GlobalCheckpoint syncer only syncs translog when the translog durability is REQUEST

Elasticsearch version: 7.10
Currently, IndexShard.maybeSyncGlobalCheckpoint is called in two places:

  1. In the AsyncGlobalCheckpointTask of IndexService;
  2. In the TransportReplicationAction after a write action.
    In IndexShard.maybeSyncGlobalCheckpoint, it runs the globalCheckpointSyncer according to the following conditions:
    // only sync if there are no operations in flight, or when using async durability
    final SeqNoStats stats = getEngine().getSeqNoStats(replicationTracker.getGlobalCheckpoint());
    final boolean asyncDurability = indexSettings().getTranslogDurability() == Translog.Durability.ASYNC;
        if (stats.getMaxSeqNo() == stats.getGlobalCheckpoint() || asyncDurability) {
            final ObjectLongMap<String> globalCheckpoints = getInSyncGlobalCheckpoints();
            final long globalCheckpoint = replicationTracker.getGlobalCheckpoint();
            // async durability means that the local checkpoint might lag (as it is only advanced on fsync)
            // periodically ask for the newest local checkpoint by syncing the global checkpoint, so that ultimately the global
            // checkpoint can be synced.
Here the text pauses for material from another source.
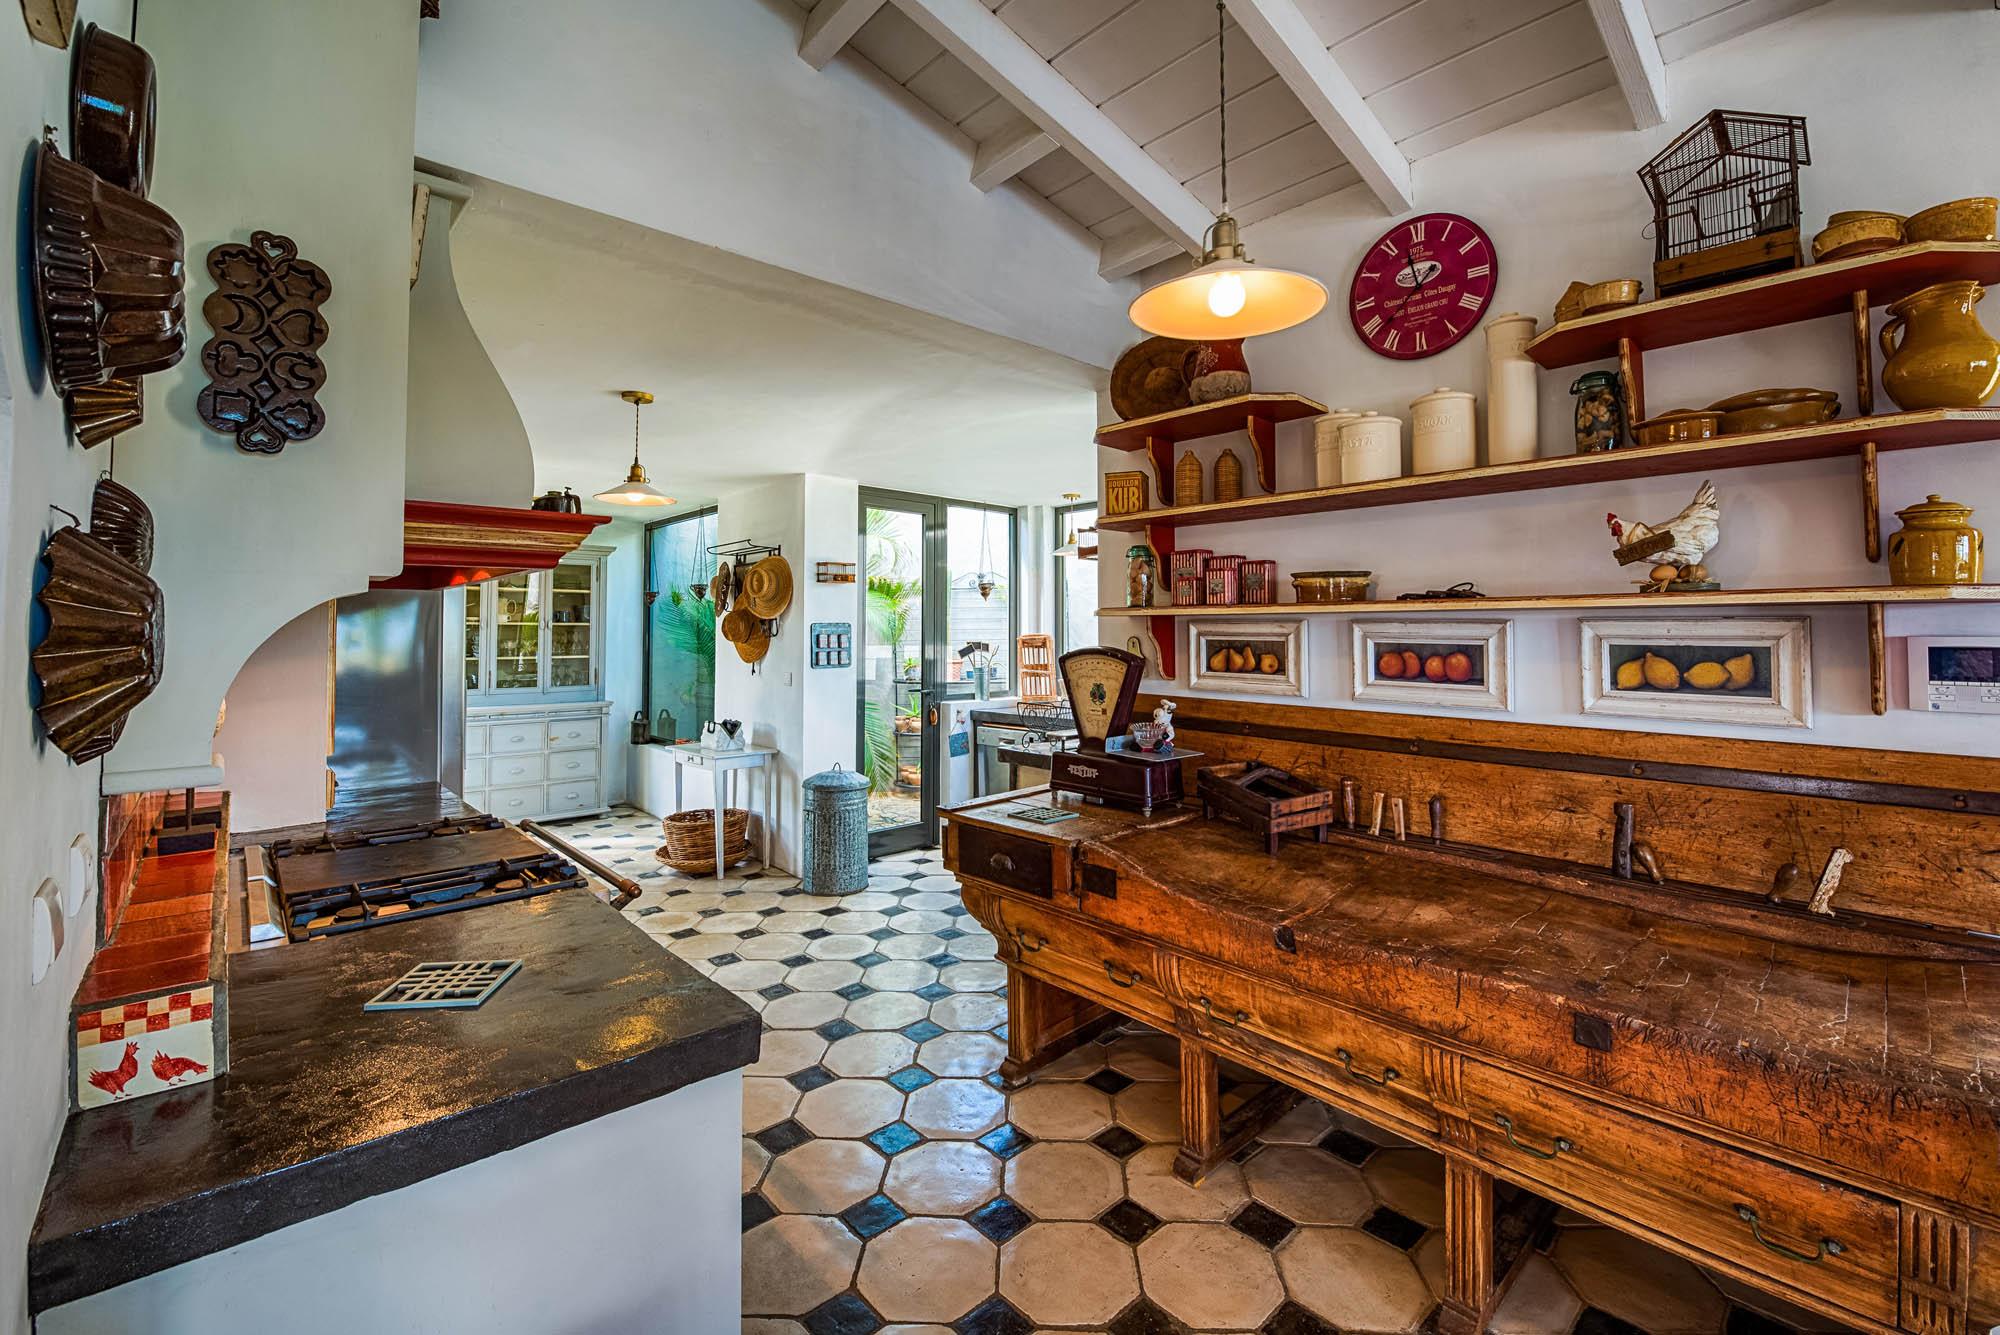 Le Mas des Sables villa rental, Baie aux Cayes, Terres Basses, Saint Martin, Caribbean with the tastefully designed kitchen.
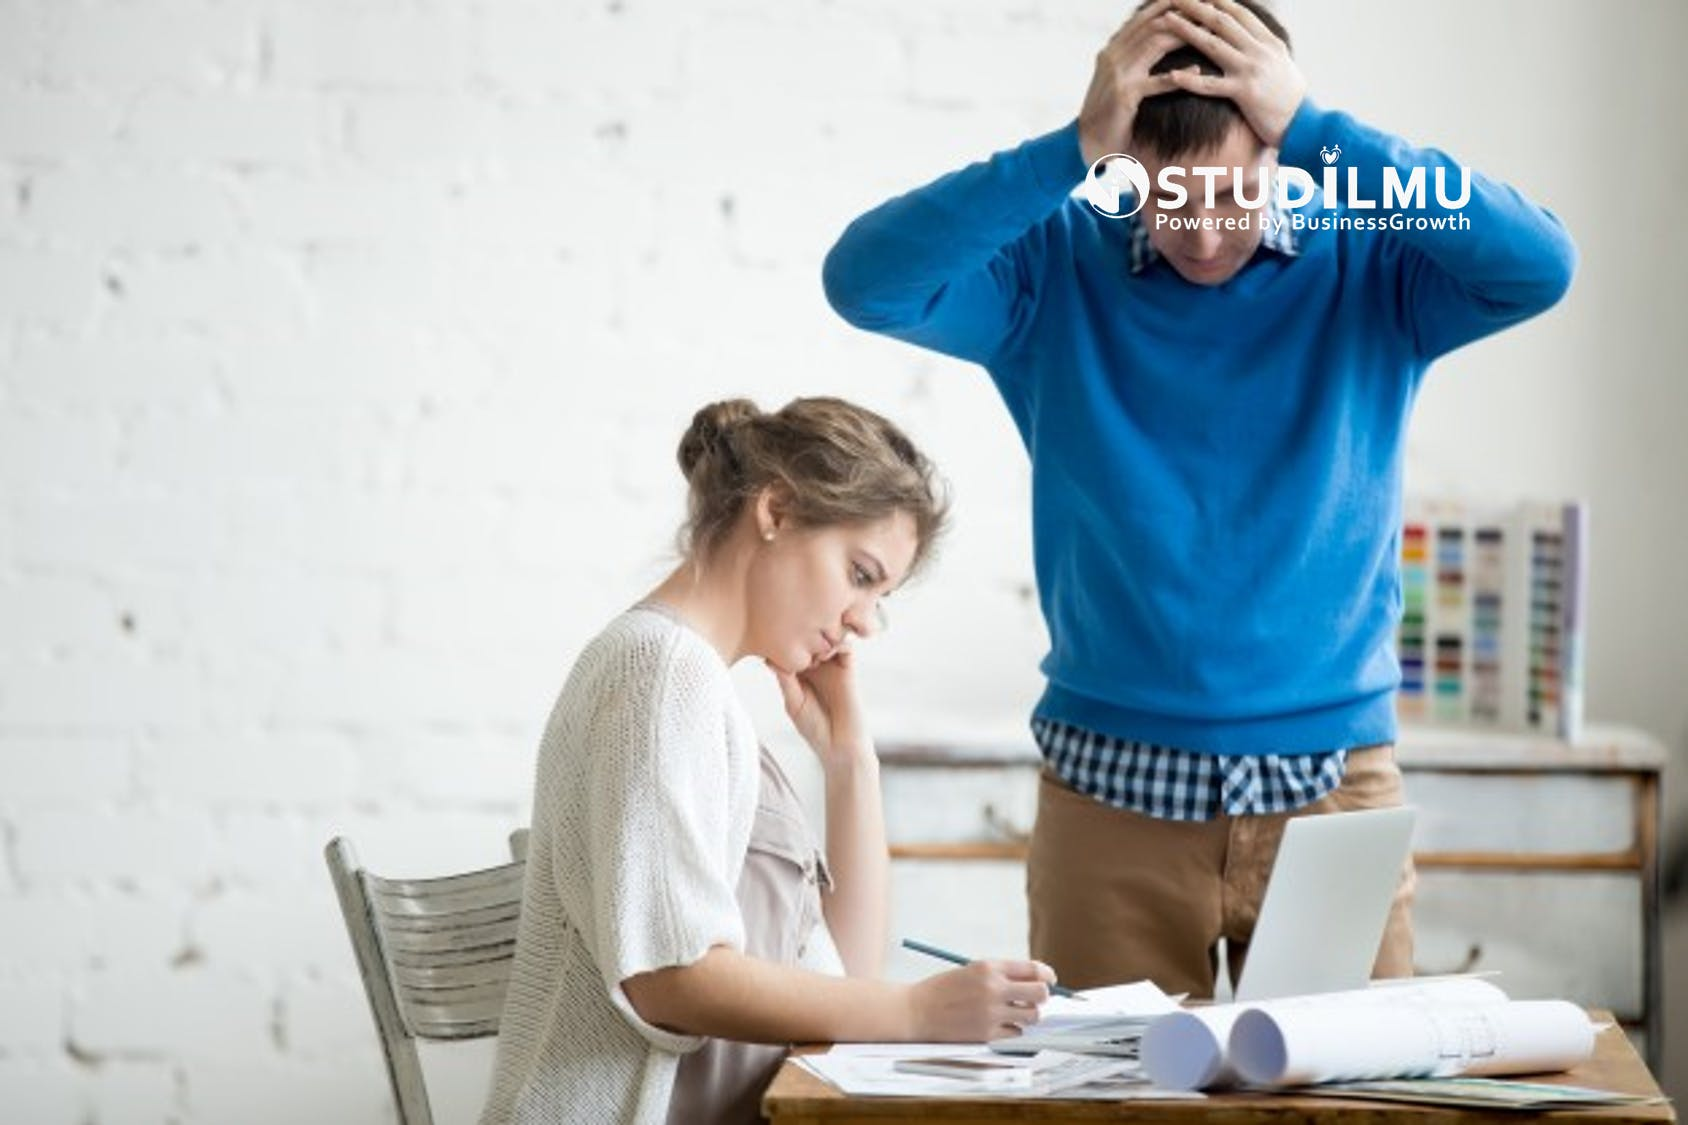 STUDILMU Career Advice - Apa Itu Kecerdasan Emosional?

Also take into account that a shard might be pending sync, which means that it isn't
            // in the in-sync set just yet but might be blocked on waiting for its persisted local checkpoint to catch up to
            // the global checkpoint.
            final boolean syncNeeded =
                (asyncDurability && (stats.getGlobalCheckpoint() < stats.getMaxSeqNo() || replicationTracker.pendingInSync()))
                    // check if the persisted global checkpoint
                    || StreamSupport
                            .stream(globalCheckpoints.values().spliterator(), false)
                            .anyMatch(v -> v.value < globalCheckpoint);
            // only sync if index is not closed and there is a shard lagging the primary
            if (syncNeeded && indexSettings.getIndexMetadata().getState() == IndexMetadata.State.OPEN) {
                logger.trace("syncing global checkpoint for [{}]", reason);
                globalCheckpointSyncer.run();
            }
        }

One of the condition checks the translog durability, which should be ASYNC, and if the local checkpoint lags, it runs the GlobalCheckpointSyncer, which will then execute GlobalCheckpointSyncAction. This action syncs the translog of the given indexShard when the translog durability is REQUEST.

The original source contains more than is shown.